Hack 90 Get a Command-Line XML Processor


Here's a rundown of the tools
you'll need to work with the Word XML shown
throughout this chapter.
When running these hacks, you'll
need a command-line
processor, an XSLT processor that runs from a DOS command
prompt.
You can read about and download Microsoft's own
command-line XSLT processor, msxsl.exe, at
this
URL:
http://
www.microsoft.com/downloads/details.aspx?FamilyId=2FB55371-C94E-4373-B0E9-DB4816552E41&displaylang=en
|
The libxml project (hosted at
http://www.xmlsoft.org) houses
some quite useful command-line utilities for XML processing. Native
Windows binaries for each of the libxml tools are available at
http://www.zlatkovic.com/libxml.enl.
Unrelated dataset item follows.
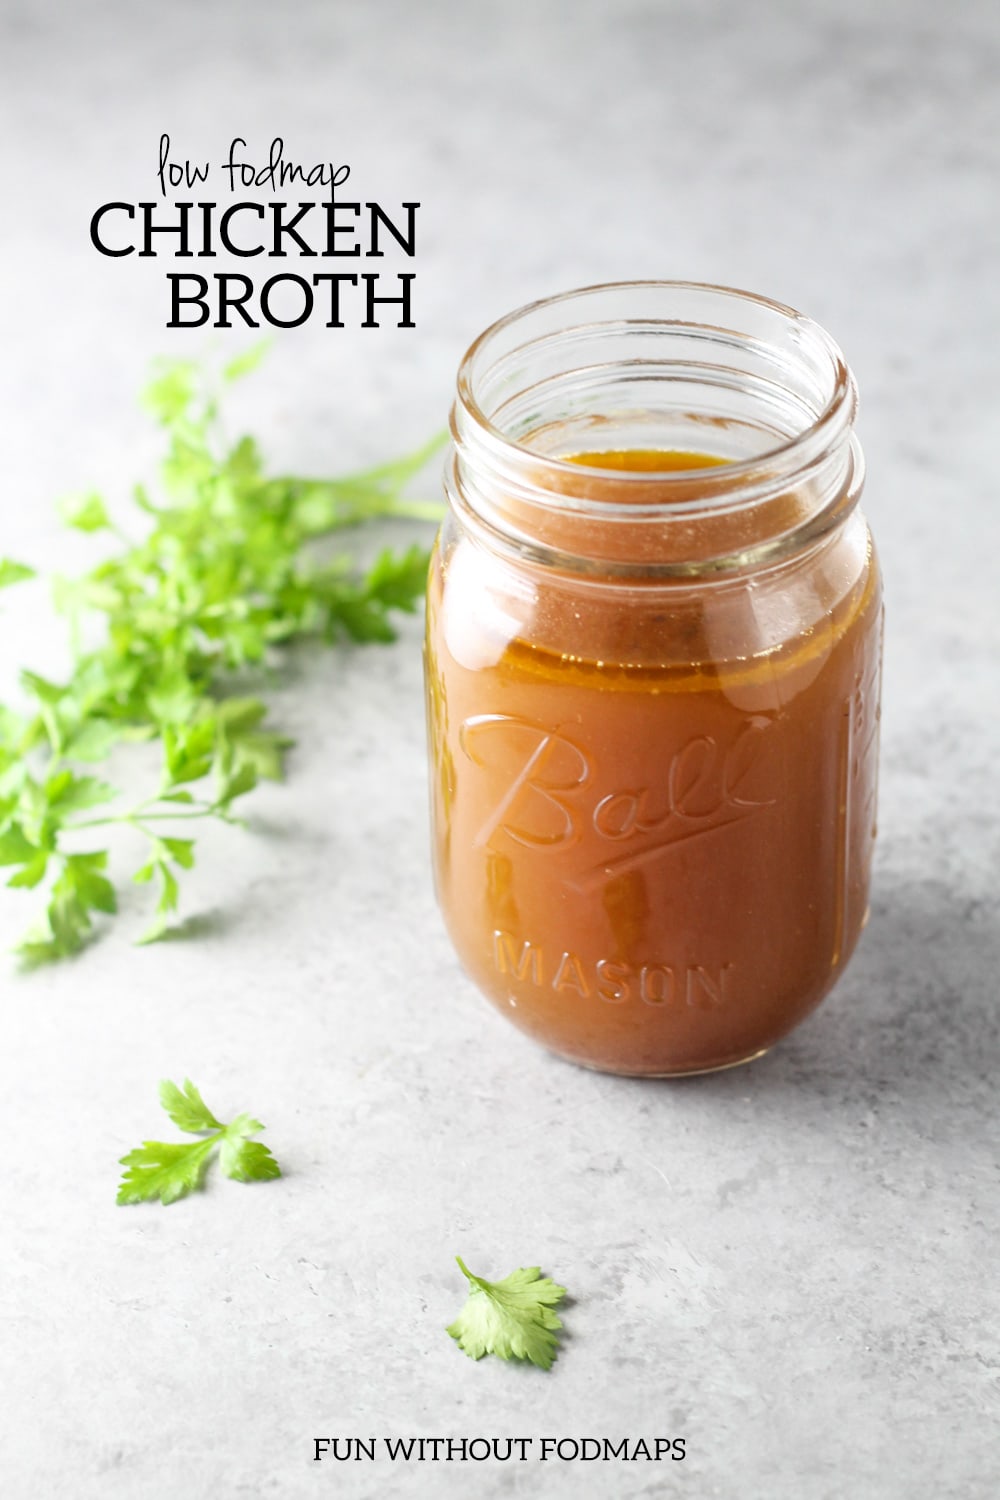 A mason jar filled with chicken broth. Next to it, black text reads "Low FODMAP Chicken Broth."

One
particularly convenient tool in the libxml suite is the
xmllint command. Its --format
option, which inputs an XML document and outputs a printed version of
it (adding line breaks and indentation), is an excellent tool for
learning
WordprocessingML and for helping to author stylesheets that create
Word documents.
Figure 10-1 shows how a
WordprocessingML
document looks when opened in Notepad after just saving it from Word.
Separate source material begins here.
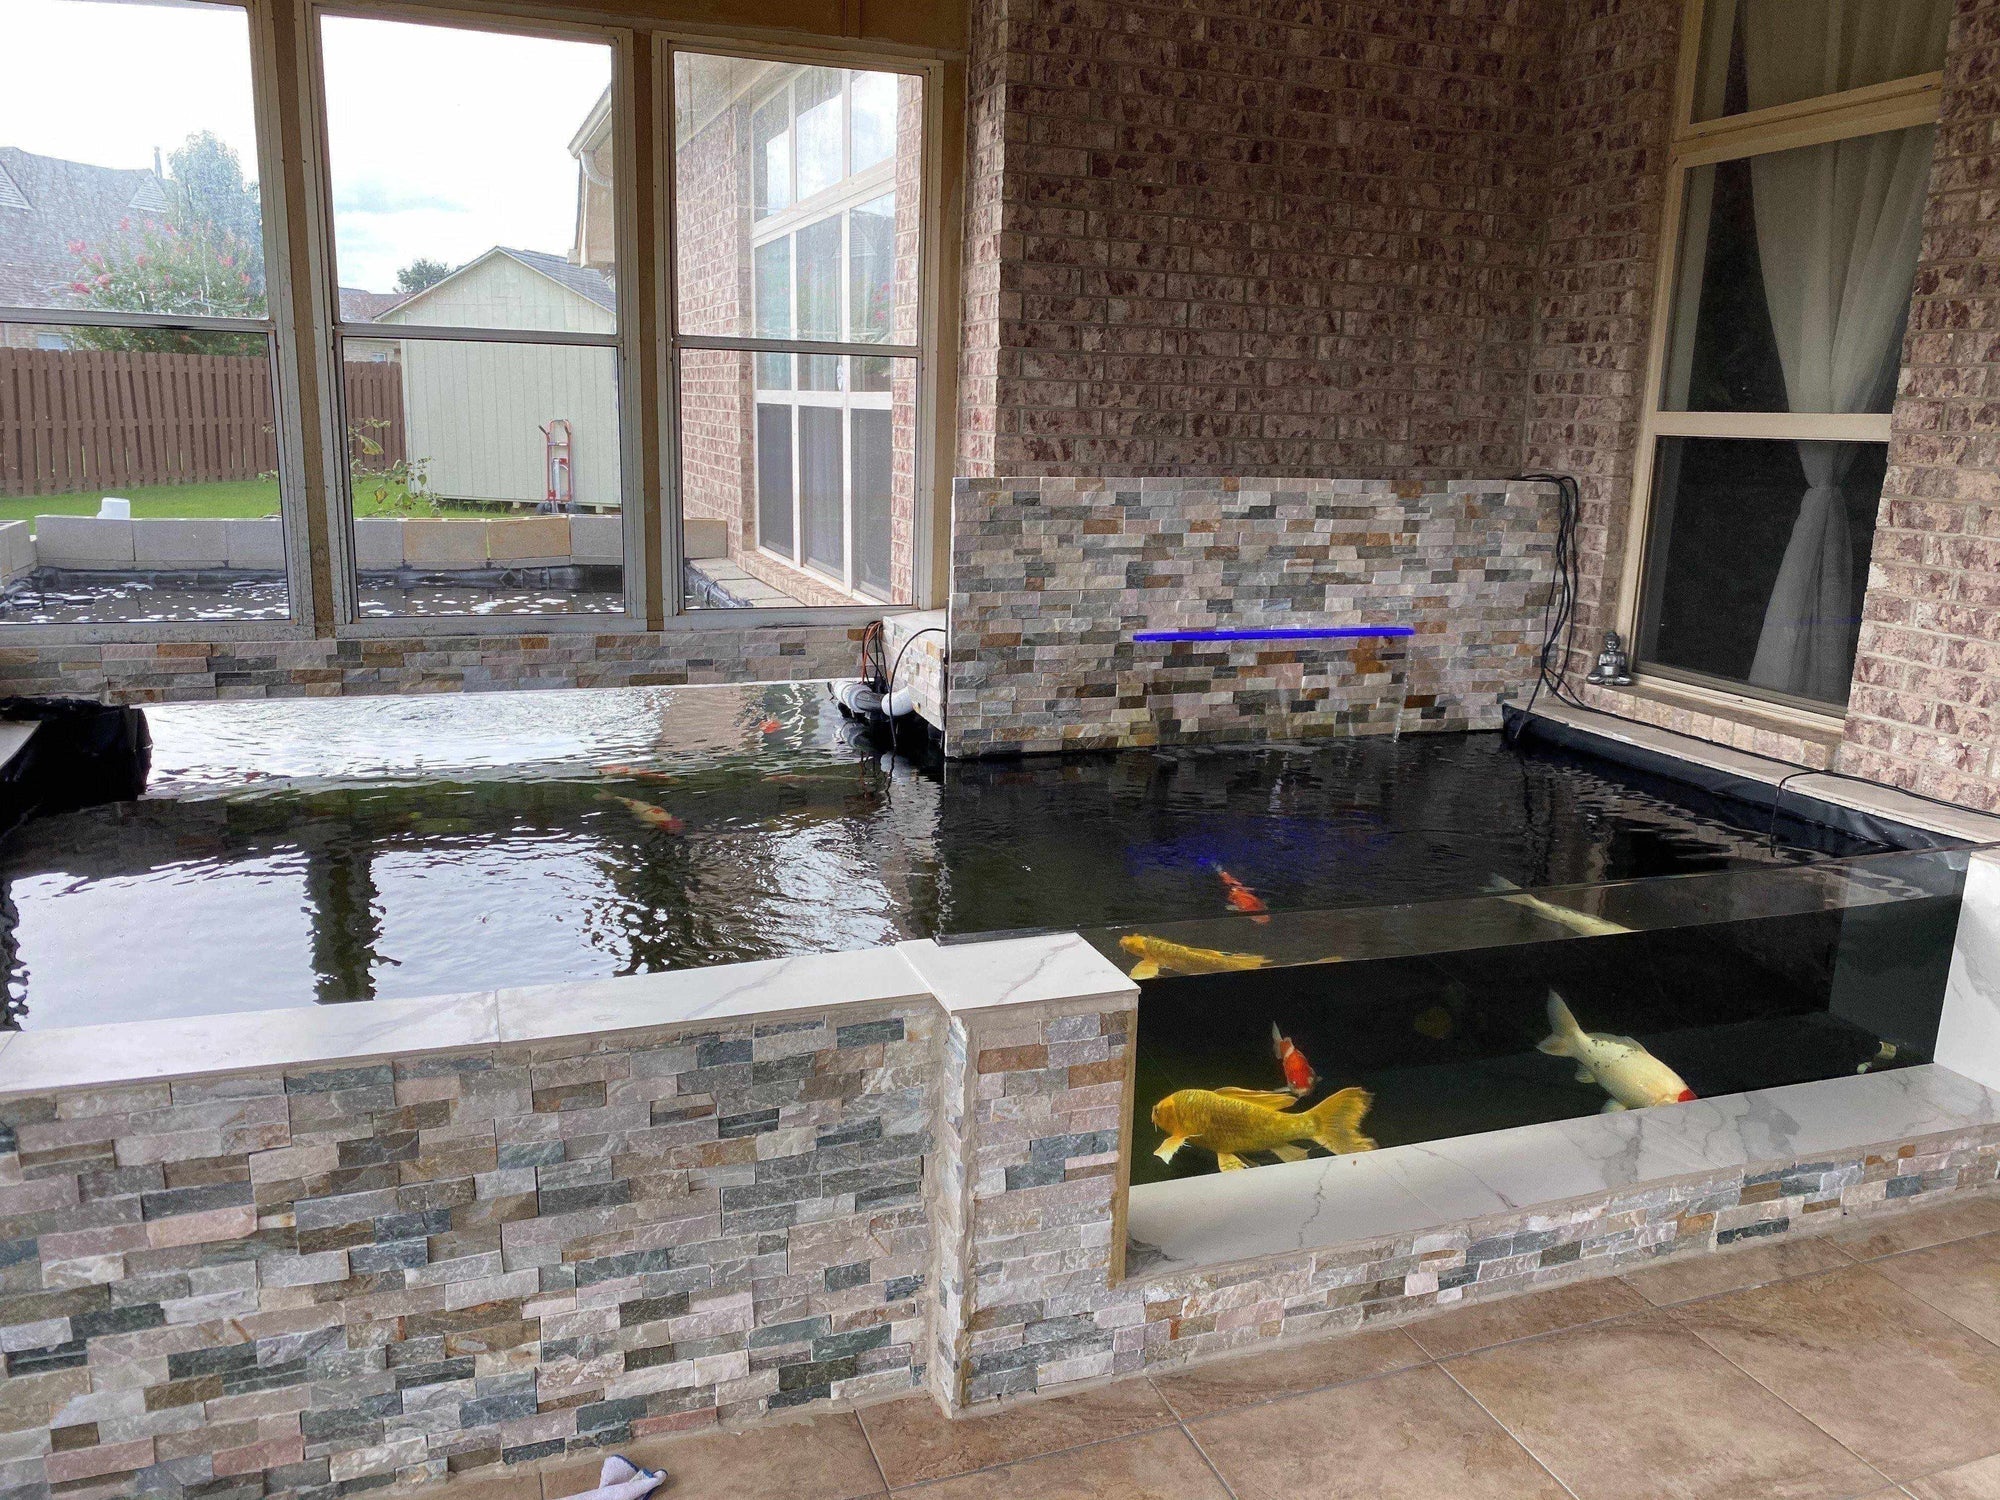 Indoor/Outdoor Koi Pond - One of a Kind - By Phuoc Tran - Play It Koi

The entire document is jammed onto four extremely long lines of text,
making it a tad difficult to inspect.
Figure 10-1. Word's "raw" XML output

Figure 10-2 shows a portion of the same document,
after using the command xmllint
--format. The indenting and line breaks make for a
much more readable XML file.
Figure 10-2. An easier-to-read version, created with xmllint

The libxml project also contains its own XSLT processor, with a
command-line tool called xsltproc. Other freely
available XSLT processors you may want to try out include Saxon
(http://saxon.sourceforge.net)
and Xalan (http://xml.apache.org/xalan-j/), both of
which are Java-based processors.